So, I was trying to mess with noise cancellation on my arduino (I think I did it wrong now that I remember) but at the time I was wondering if it was feasible to generate a pseudo-sine (or triangle) wave (but mostly sine :D) by rapidly switching PWM duty cycle. I know a 16mhz AVR can do PWM at 8mhz(fixed), which is plenty fast enough for these purposes, but I'm more concerned about the duty cycle switching speeds. Basically my idea would take 2 PWM pins per speaker, and maybe an h-bridge. Basically you set one pin to ground, and the other you rapidly adjust the PWM duty to simulate the changing values of a sine wave. Let's assume we want a frequency limit of 10khz, and to generate one of those sine wave parabolas we want 10 different values (this would be pretty low resolution) over a single half-wave (one parabola).

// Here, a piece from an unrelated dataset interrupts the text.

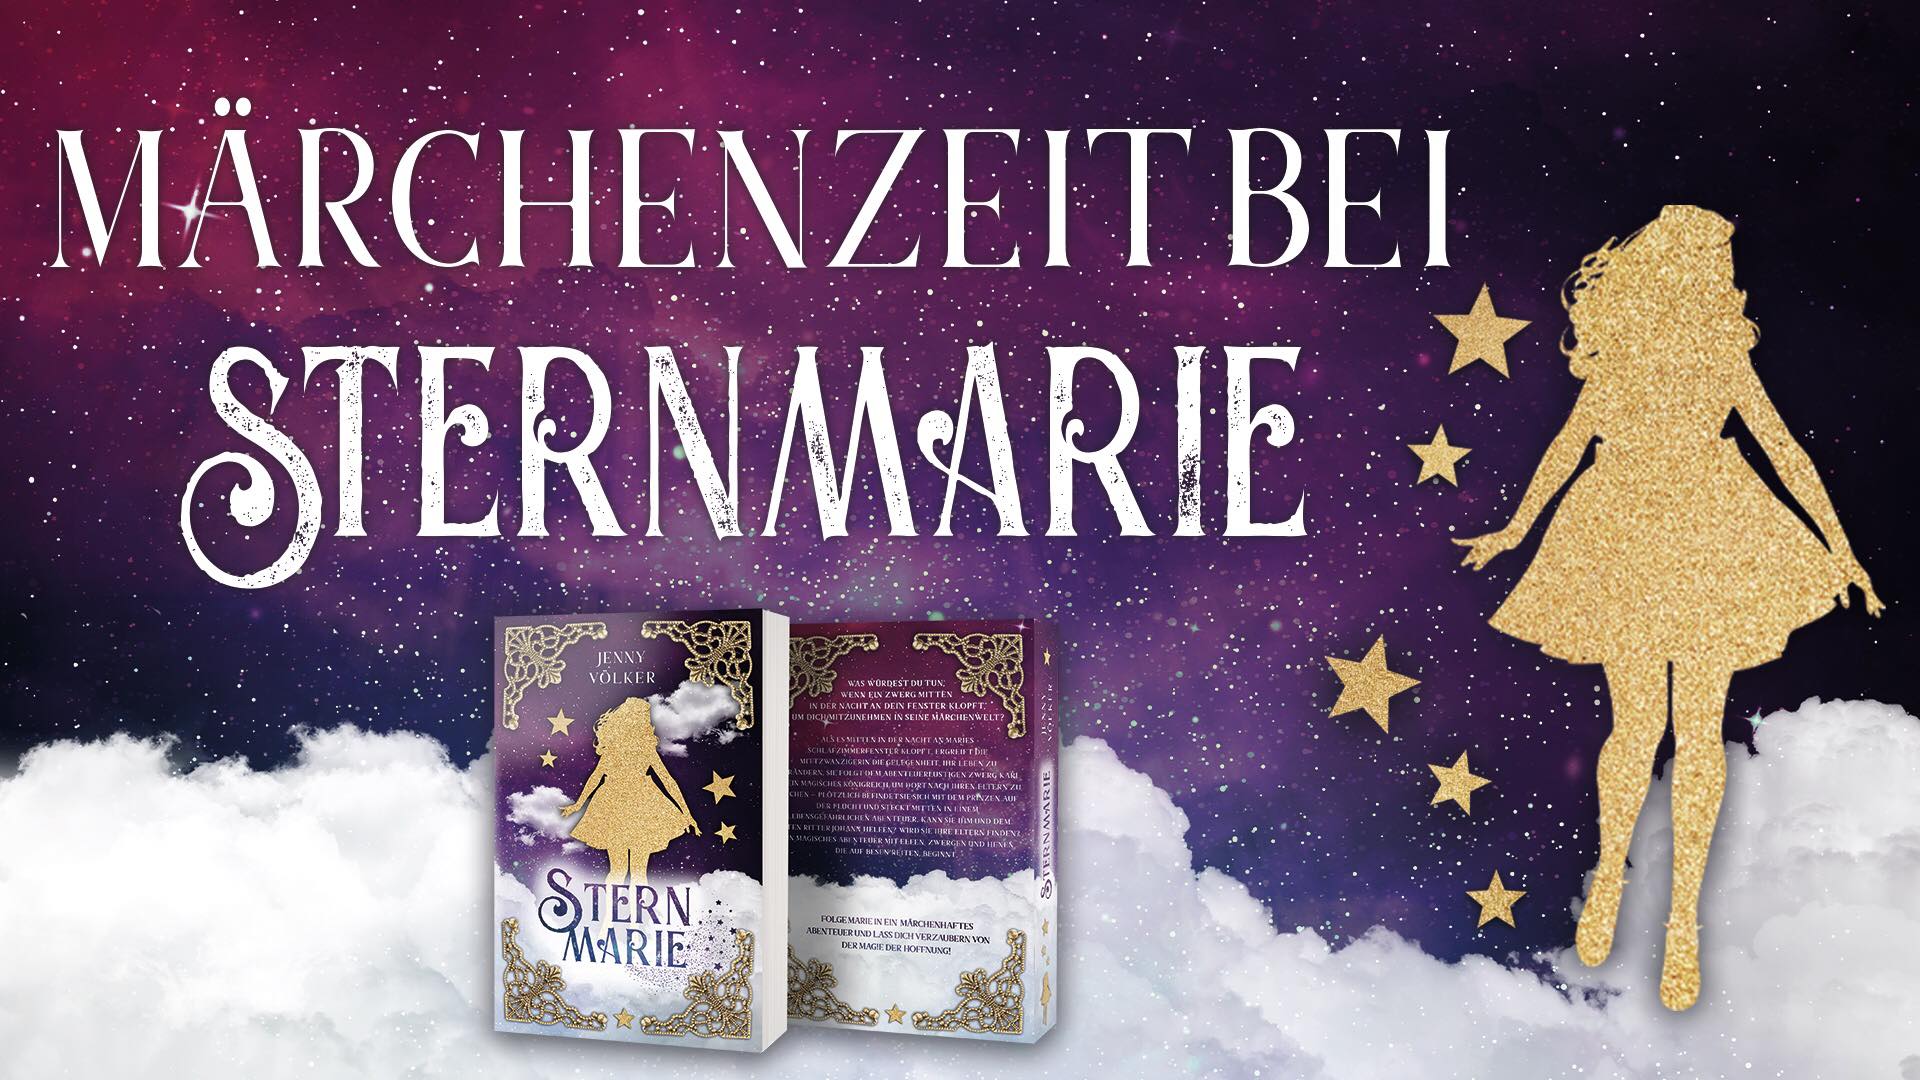 You are currently viewing Märchenzeit bei „Sternmarie“ 04
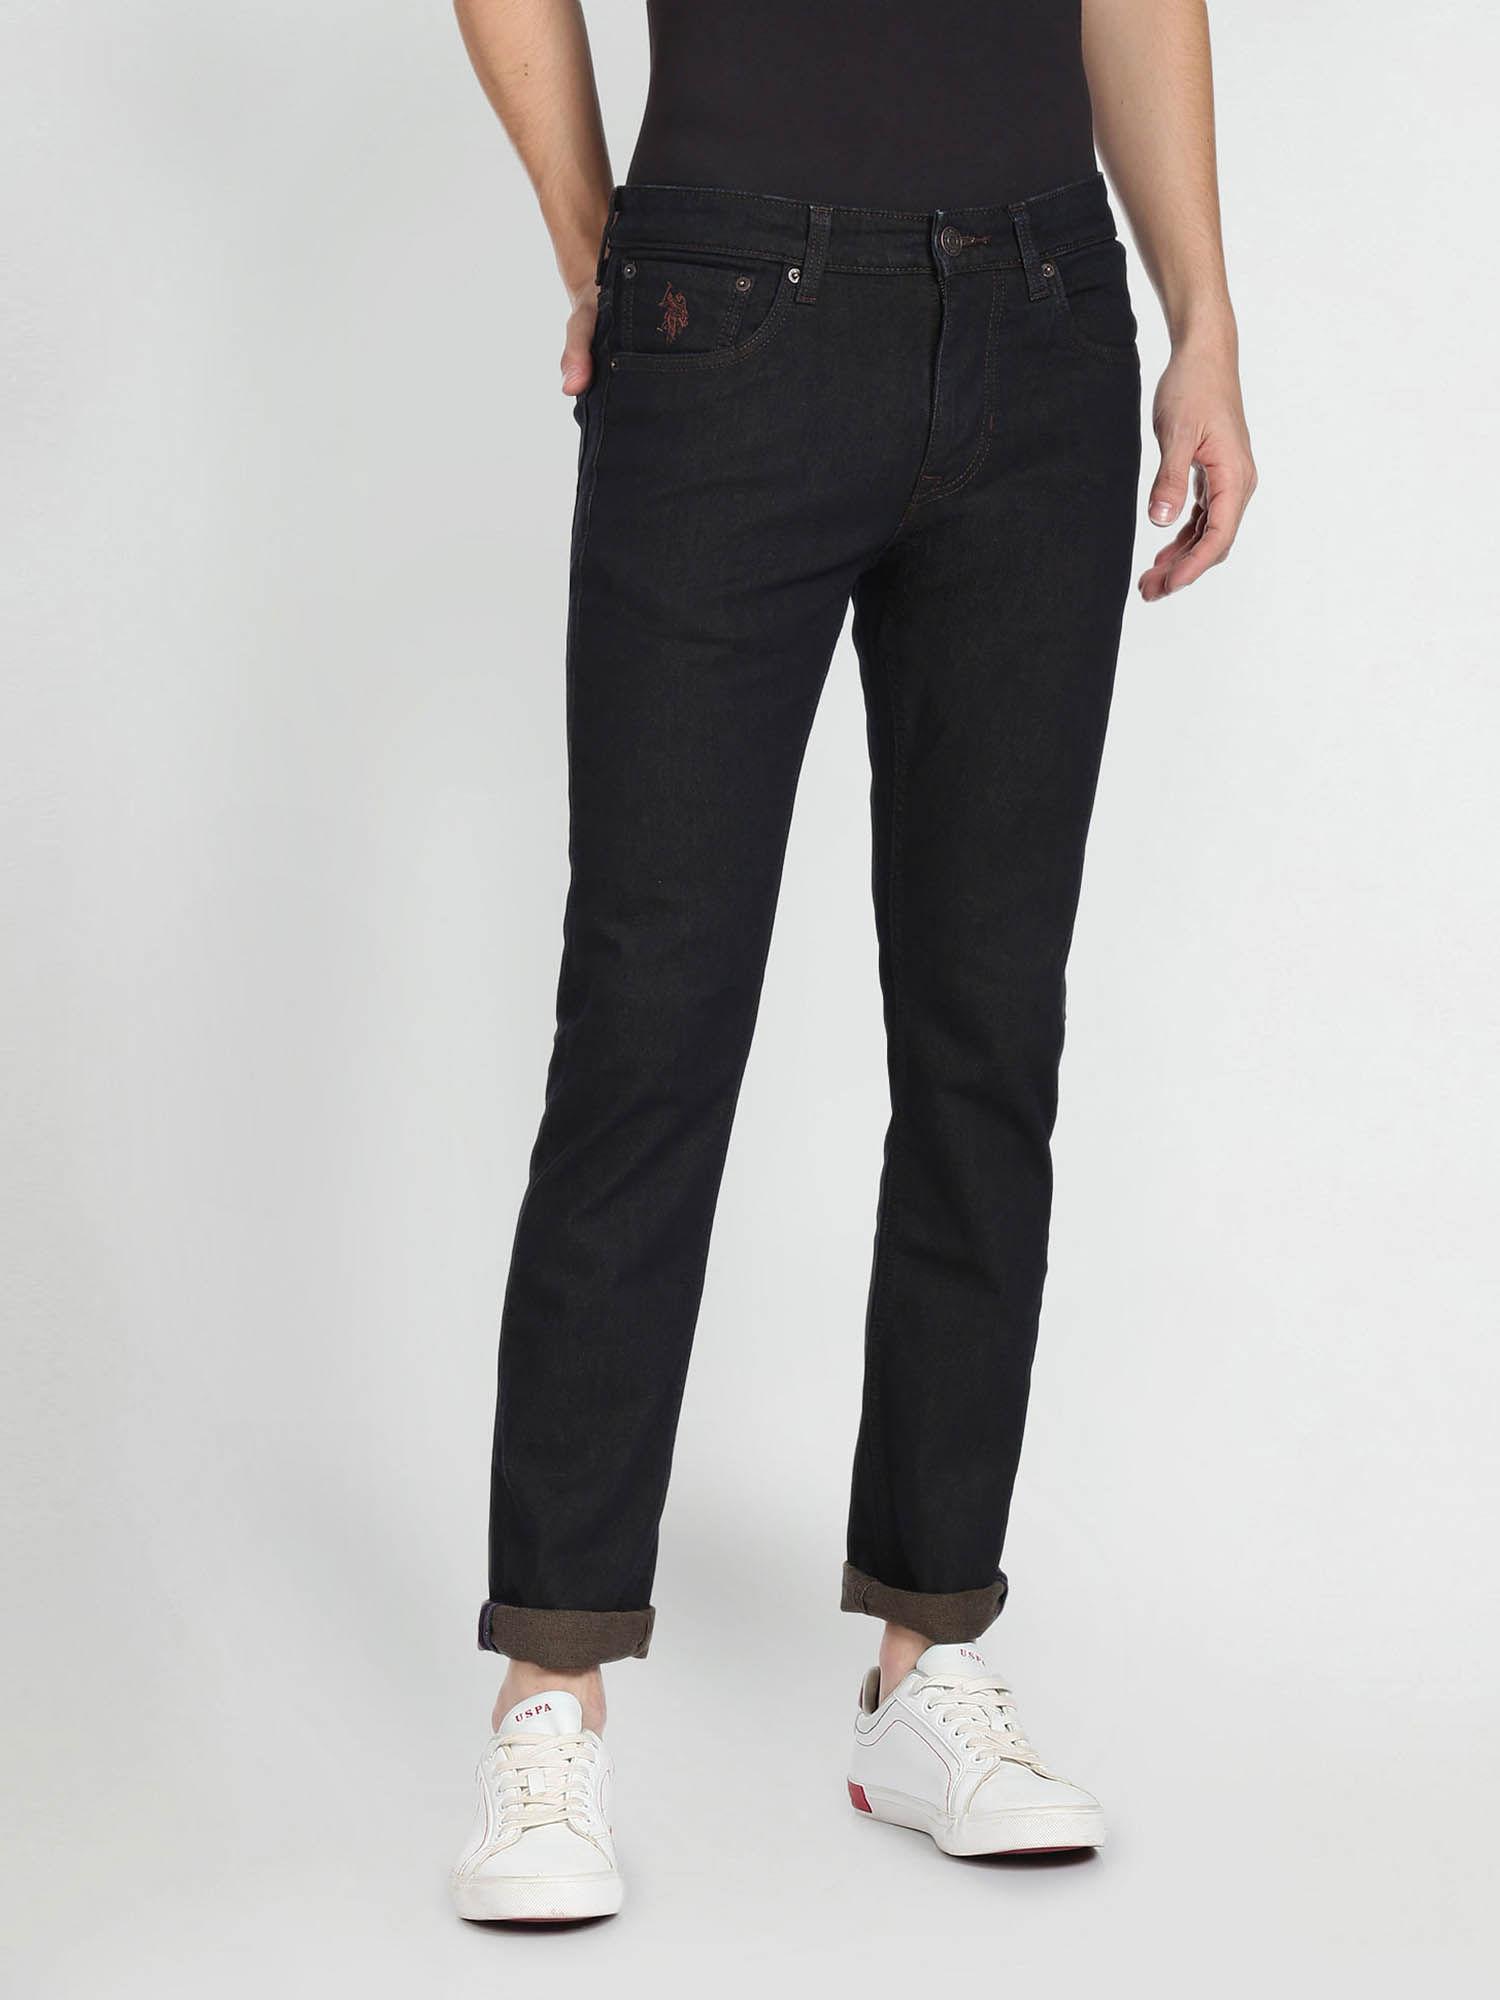 Rinsed Regallo Skinny Fit Jeans

We could use a super-low-pass filter cap to smooth it out. To get the other parabola (on the opposite side of the x-axis) we have to reverse the pin orientation so the other one is ground and the one that used to be ground is now doing the PWM. We would again have to make those 10 different PWM values to simulate the parabola. This means for each cycle, we need 20 separate PWM values (remember, that's an arbitrary value). If we're at 10khz, that's 200khz duty cycle switching. Is this doable? Switching the PWM level 200 thousand times a second? Would this idea even work :-? ?
-will
I know a 16mhz AVR can do PWM at 8ghz,
Now that is something I would like to see demonstrated. ;D
Derp! lol what was I thinking?
This may be of interest: Arduino sketch for high frequency precision sine wave tone sound synthesis | Adrian Freed
-br
thanks! I'll look at those, the first one seems pretty complex.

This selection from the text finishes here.